Seni de içine çekiyor mu medeniyet? 


böyle hergün iliklerine kadar hissediyor musun kurumsallığı damarlarında. kimin hayatını yaşadığını şaşırıyor musun bazen? hatta belki de kim olduğunu? 


toprağa dokunmadan, çiçek koklamadan geçti ömrümün baharı. kimi gün hızlı hava değişimine, kimi gün giyecek kıyafetim olmamasına, kimi gün uykumu alamamama, kimi gün de rötar yapan uçağa sinirlendim. ihtiyacım olmayan birkaç şey aldım bugün yine kendimi daha iyi hissetmek için ve sırt ağrılarıma iyi gelecek bir masaj seansının hayalini kurarak yedim öğlen yemeğimi. 

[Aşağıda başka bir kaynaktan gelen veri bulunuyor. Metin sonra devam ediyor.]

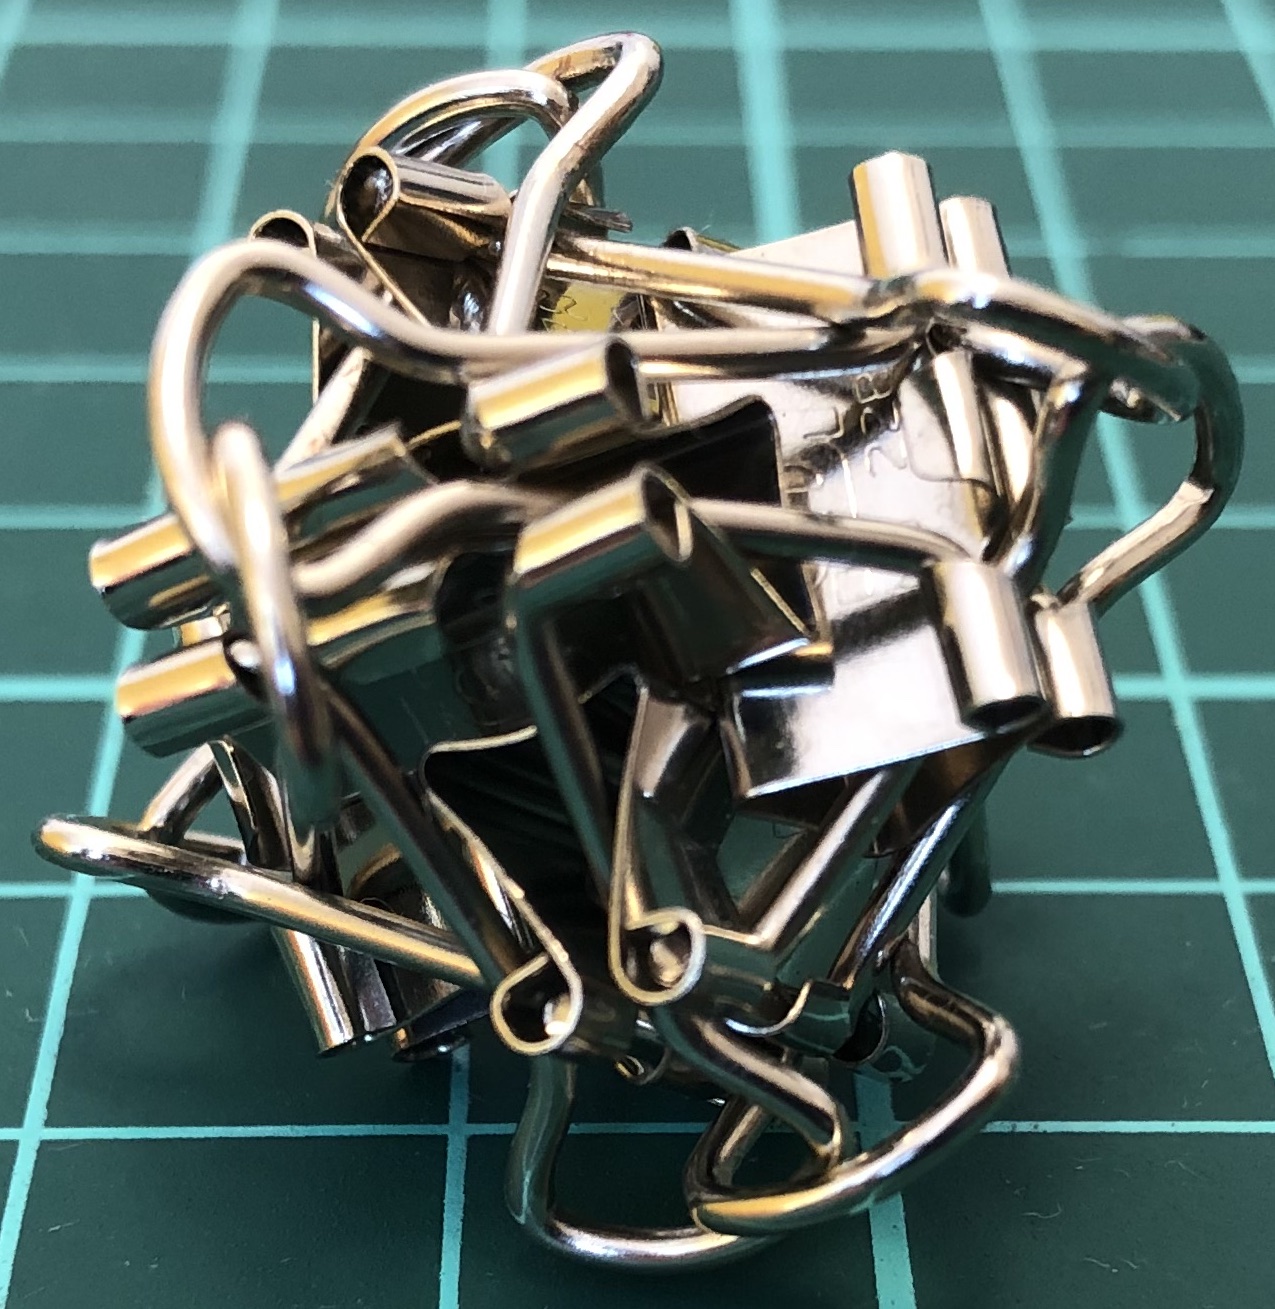 6 binder clips with interlocking handles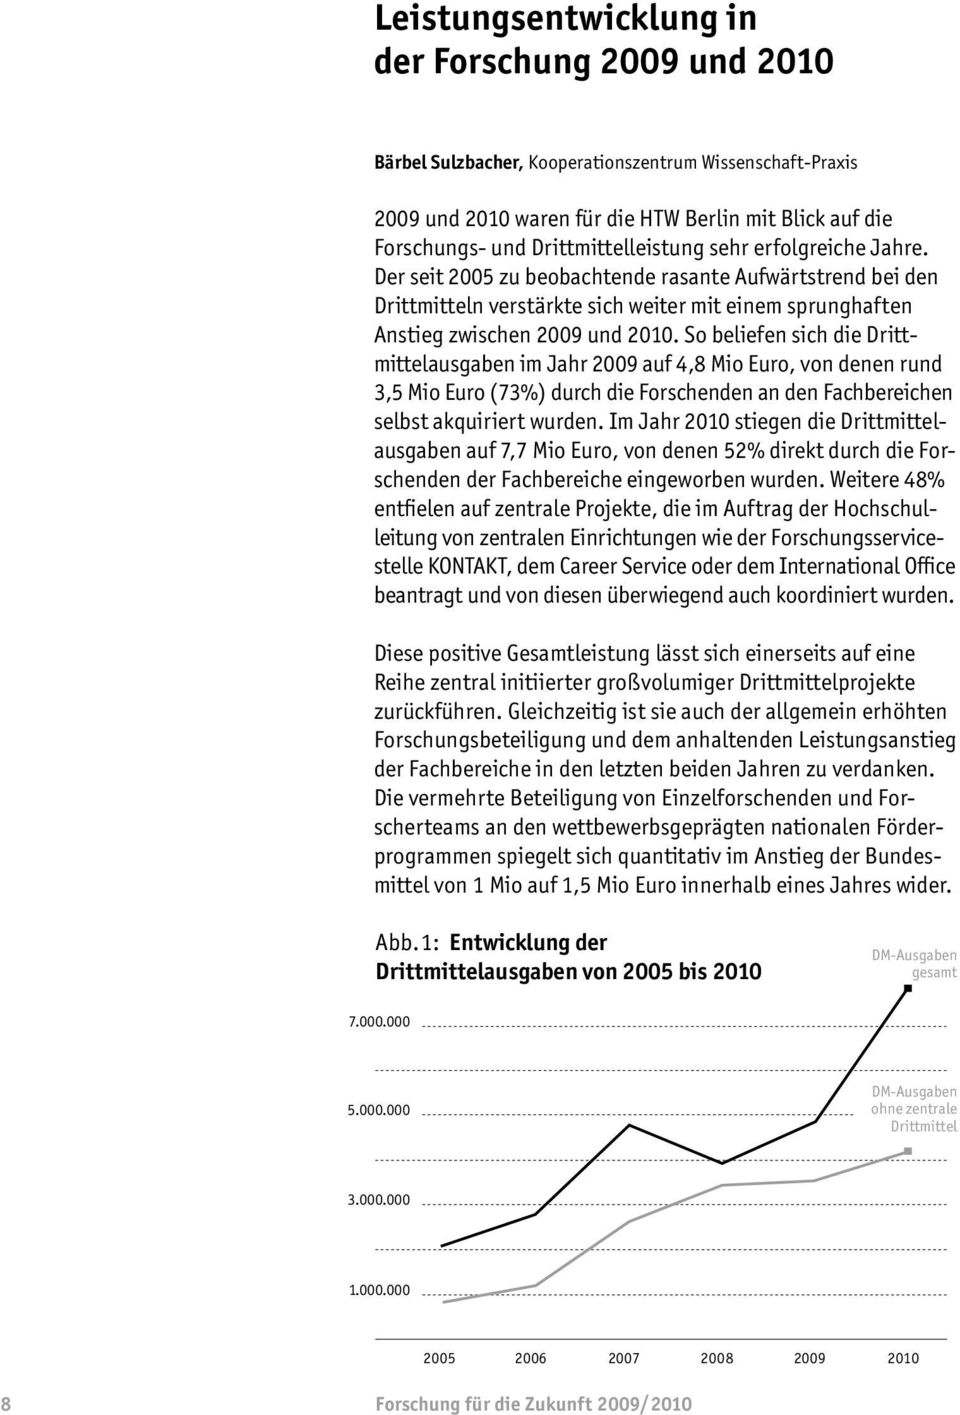 So beliefen sich die Drittmittelaus gaben im Jahr 2009 auf 4,8 Mio Euro, von denen rund 3,5 Mio Euro (73%) durch die Forschenden an den Fachbereichen selbst akquiriert wurden.

geçmeyen bitmeyen migren ağrımın çaresini MR çektirip daha fazla radyasyon alarak çözmeyi planlıyorum. halbuki haftada bir saat uyusam bir ağaç gölgesinde geçecektir belki de.


ama ağaç gölgesinde uyumanın plasebo etkisi yok ki.. bide uyurken doğru kombini seçme zorunluluğu var strese girmeye sebep, belki uyumadan spontane bir fotoğraf çekersem diye…


eskiden duygulanırdım gözümden yaş gelirdi sinirlenince, şimdi biriktirip biriktirip topluca ağlıyorum 6 ayda bir yaklaşık 3 saat sürüyor. gözyaşımı bile erteliyorum anlayacağın. kendim için ağlamaya bile vaktim yok sanırım. şu 14 satırı yazana kadar 4 sefer saate baktım ki trafiğe kalmayayım eve dönerken… kendim için yazı yazmaya bile vaktim yok sanki…


merhaba medeniyet, kağıt kokusu almadan yazıyorum sana, ellerimde kalem izi çıkmadan orta parmağım eğilmeden döküyorum içimi…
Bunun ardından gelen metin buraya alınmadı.